いやー・・ようやく、熱が下がってきてくれました・・・
先週木曜から、ダウン。見事に熱が38℃まで上がって参りました・・・。
解熱剤を飲んで、一端引いても、昼には38℃前後まで上がるんだもん・・・ヤレヤレ… ヽ(゚~゚o)ノ アキマヘンワ
なかなかにシンドかったです・・

さて・・・RUKUさんがコメントで述べてくれた様に、CMOSカメラによるラッキーイメージングだと、超多数枚になることもあり、画像処理が大変です。

それでも、この手法に可能性を見出すとしたら、前にも書いた様に、ガイドシステムが未だ整っていないか、あるいは不安定なのを承知の上で、無理した大口径を赤道儀に搭載している・・・具体的には、SkyExplorer赤道儀に、SE200反射望遠鏡とか。これをきちんと長時間ガイドできる人は、身近だとTezさんくらい。しっかりと特性を抑えてチューニングできる人のみ、でしょう。
それでも、ラッキーイメージングならば、撮影レベルでは、苦労はなくなるので、無理を実現できる可能性が高くなるというものです。
だからこそ、野心がある人には、うってつけの機材になるのが、CMOSカメラ、と考えています。

では、ベテランの視点から見て。
CMOSカメラのメリットはあるでしょうか?
実のところ、今、ラインナップされている機材としては、モノクロで、4/3フォーマットの16MP。
カラーはフルサイズ36MP冷却がありますが・・・・いやー・・・コレ、価格的にも、性能的にも、D810Aの方がいいッスよね・・・爆
考え方の違いはあるかもしれませんが、、、ボクなら、QHY367CやASI094Cよりも、断然D810Aの方をポチりますね・・・。
メーカの映像エンジン=画像処理の恩恵に預かれるので、得られる最終結果も、必然的に向上する(と思われる)からです。
D810Aの実績は言わずと知れてますしネ。
このセグメントでは、いかに冷却しているといっても、全く食指が動きません。
恐らくは、QHYもZWOも、D810Aロスの事を想定した商品展開なのだろうとは思いますが・・
まぁ、悪いことは言わないから、あるうちにD810A買うのが正解ですヨー 爆 と、個人的には思ってマス。マジで。

しかし・・・
フォーマットサイズをヌキにして考えると・・・
昨今のCMOSカメラは凄い!Sony製以外のCCDだと、ピークQEはせいぜい60%程度ですが、CMOSだと、80%を超える製品がありますし(IMX174で、ピークQE78%、IMX249だとピーク82%というネット情報アリ。ニコンのDs-Qi2も凄い)、なんと、ピーク95%なんてバケモノもあります(QHY42採用センサ?)
また、読み出しノイズが非常に低くなるのも大きな利点で、そうすると1枚あたりの露光時間はトコトン、切り詰めることができます。

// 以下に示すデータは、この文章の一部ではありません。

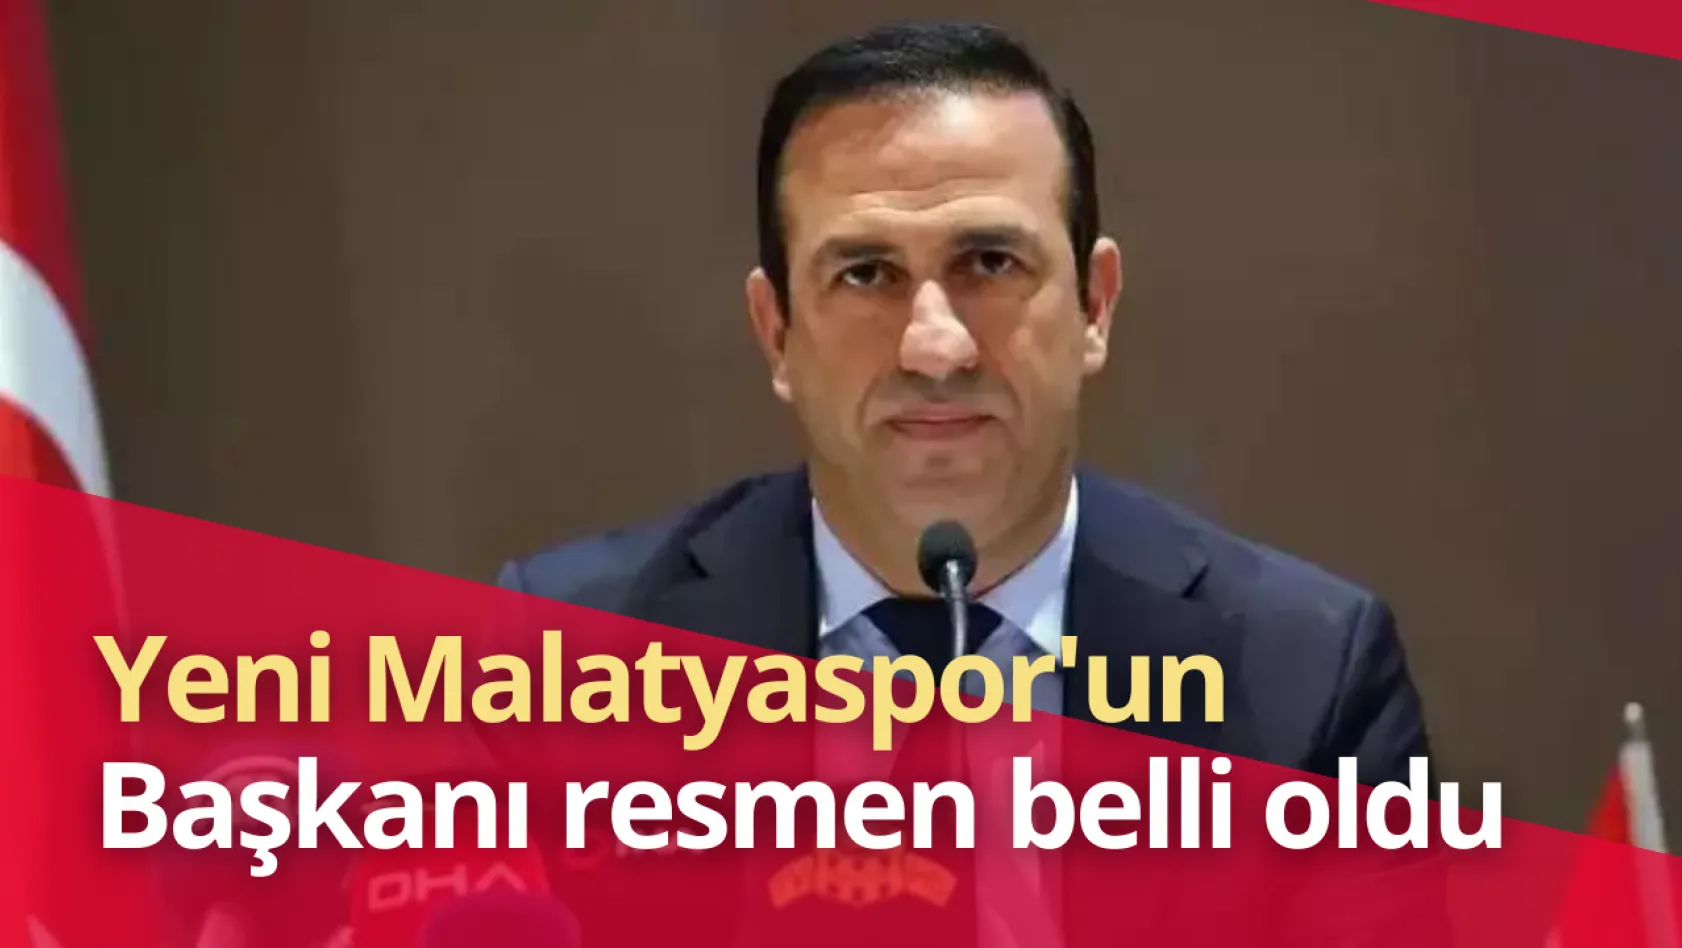 Yeni Malatyaspor'un Başkanı resmen belli oldu
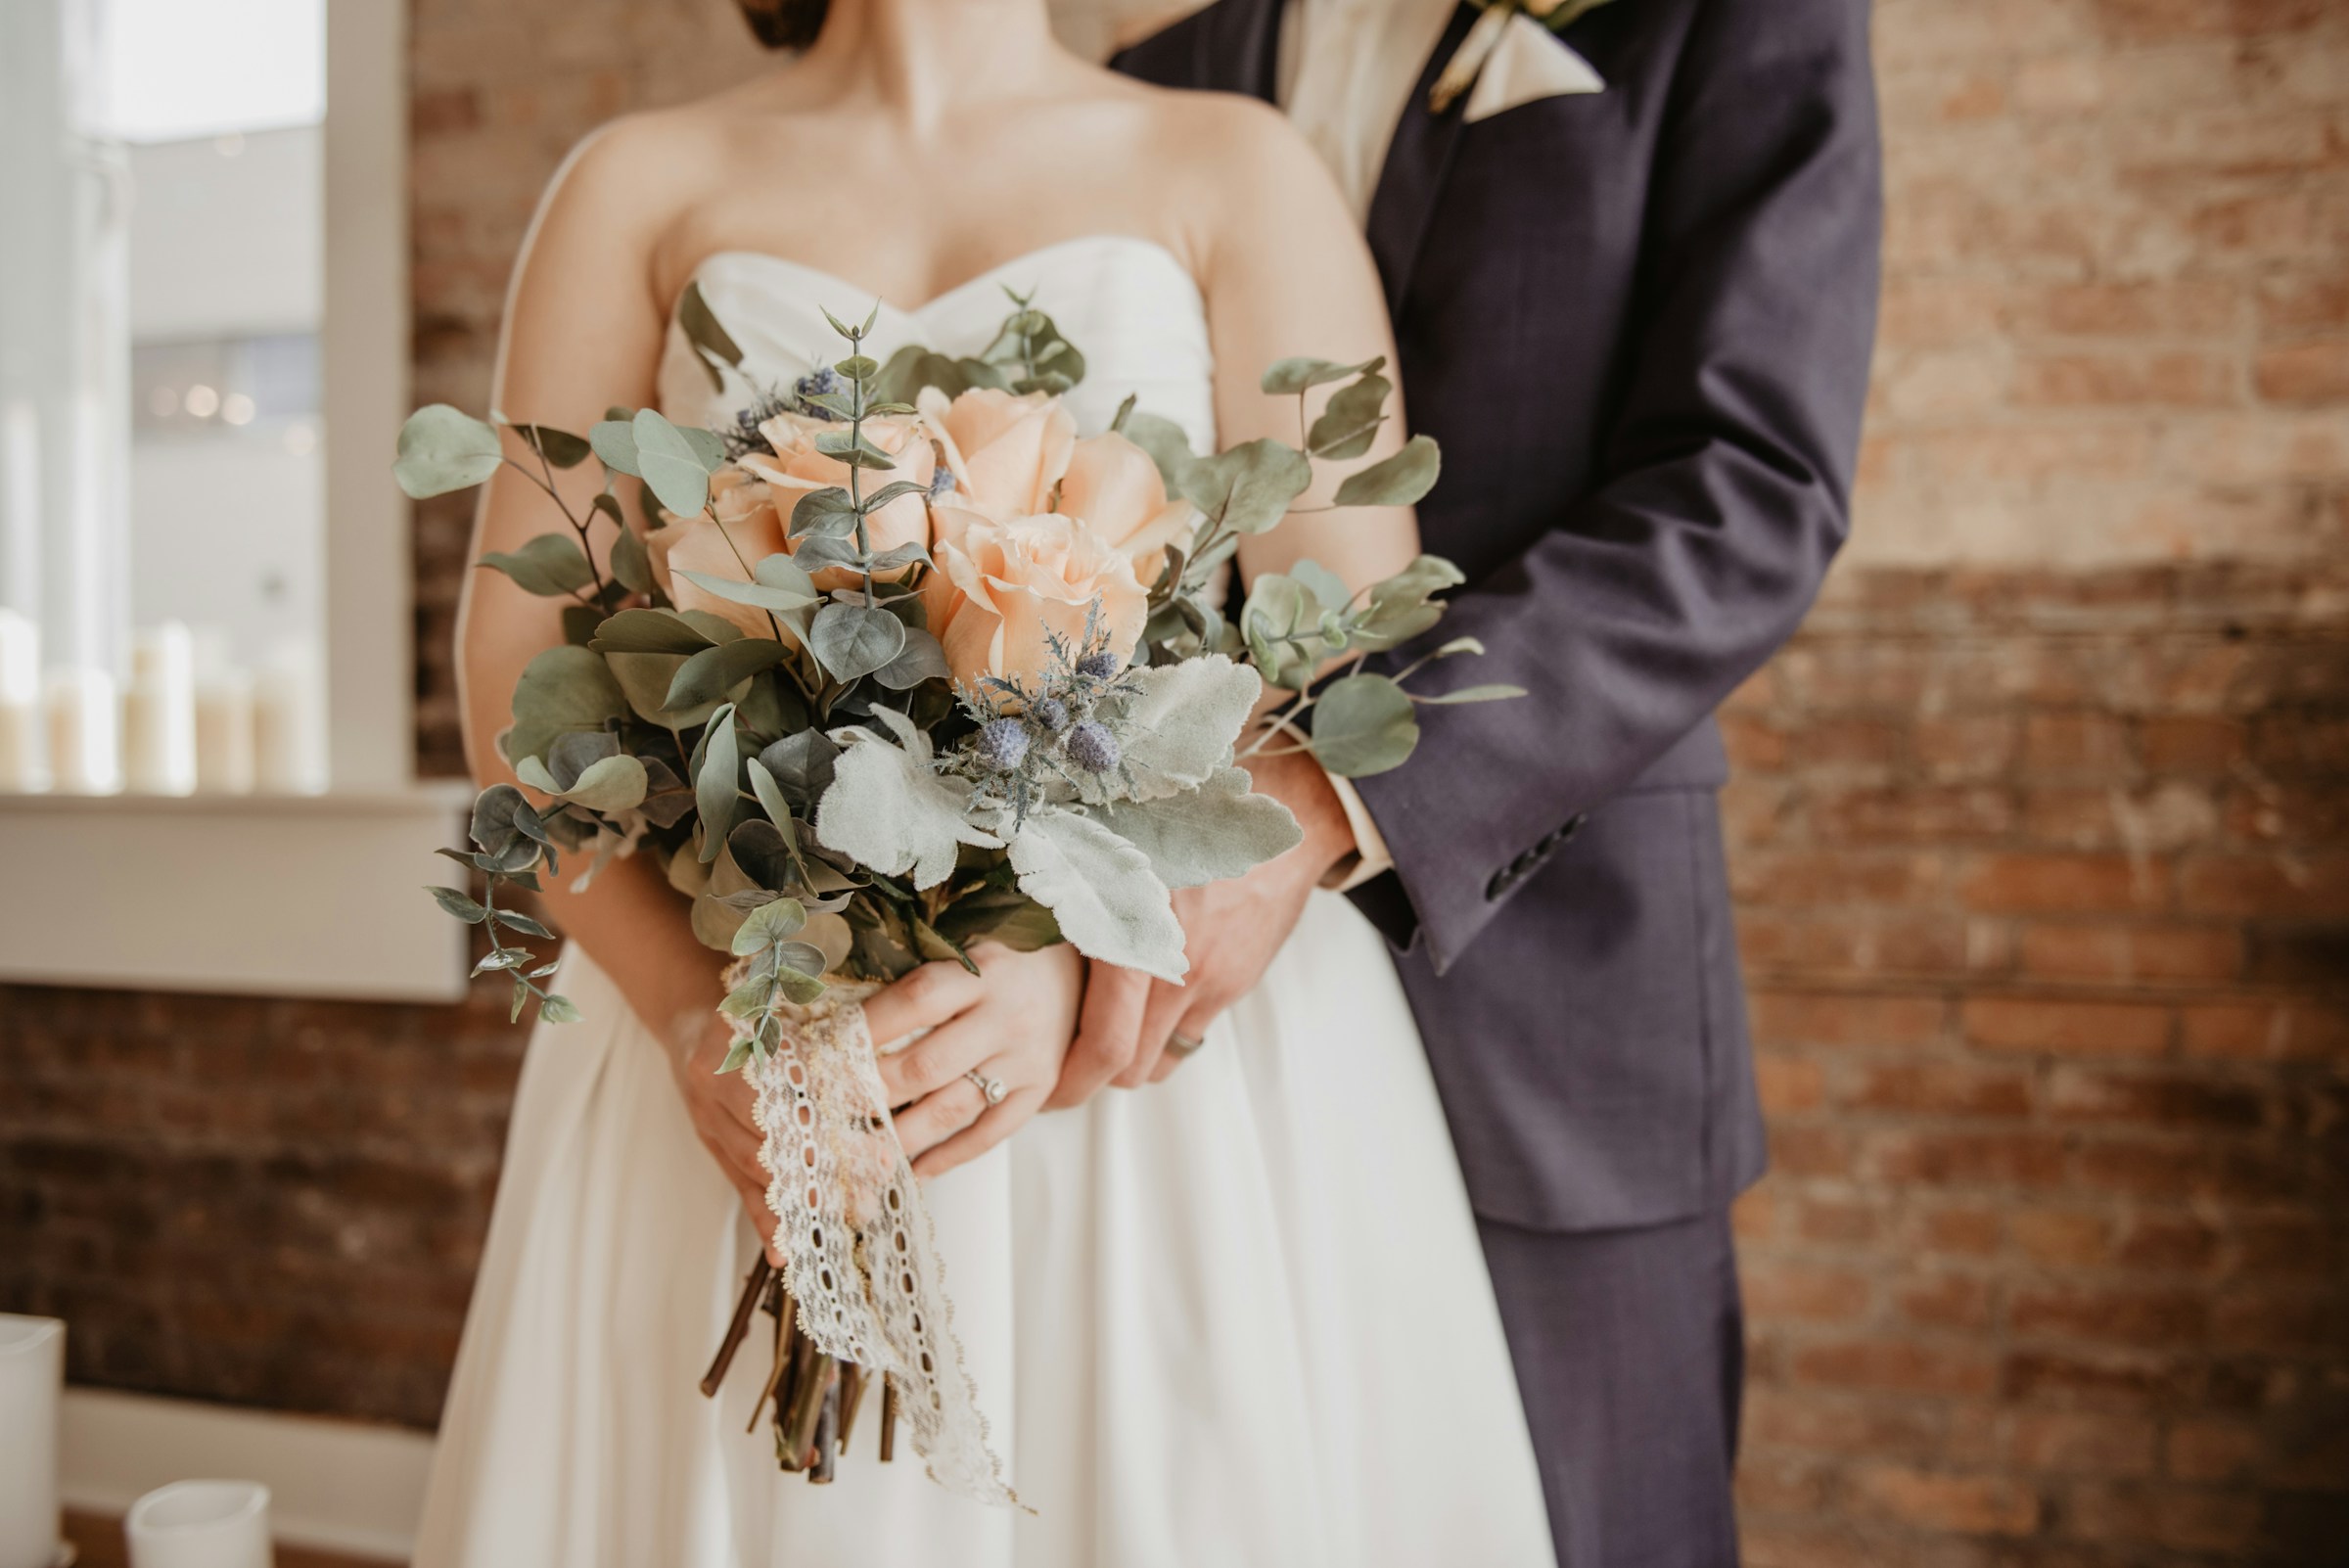 Eine Braut und ein Bräutigam halten sich an den Händen | Quelle: Unsplash

M101 回転花火銀河 オライオン30cmF4反射望遠鏡 パラコアⅡ使用 ALICE-Ⅱ 半自作CMOSカメラにて
L=6秒×340コマ RGB=各6秒×118コマ

このカメラに賭けるだけの価値があるかどうか探るためにテスト撮影。
1枚辺り6秒ではラッキーイメージング効果など得られまい・・と思っていましたが、いざ、撮像した画像を見ると、冬のシンチレーションの悪さ故か、6秒でもずいぶんとシャープネスに違いがあることが判りました。
ステライメージ8の評価値で選別した結果、通常に撮影するよりも、シャープなイメージになったとは思います。
ポテンシャルは高いので、頑張って(=苦労して)使う価値はあるかなー・・とは思いました。
この悪シーイングで、このレベルの切れ味は、冷却CCDカメラでは得られないだろうと判断しました。
ALICE-Ⅱのポテンシャルの高さ・・・つまり、CMOSイメージングカメラの可能性も感じました。
1枚あたり6秒で、この写りですからね・・。


冷却CCDカメラによるM63 StarStreams 

反対に、この様な淡い外腕部は冷却CCDカメラの独壇場の様です。
ALICE-Ⅱは、監視用のボードカメラですから、最長でも1枚あたり、10秒露光しか露光時間を伸ばせません。
天文用に使うにはチョット物足りない。
M101のあの程度までならば、十分、写し出せることが判りましたが(普通に考えれば、十分なレベルではありますが・・)、さらなる淡い部分の表現を求めた場合、不十分です・・。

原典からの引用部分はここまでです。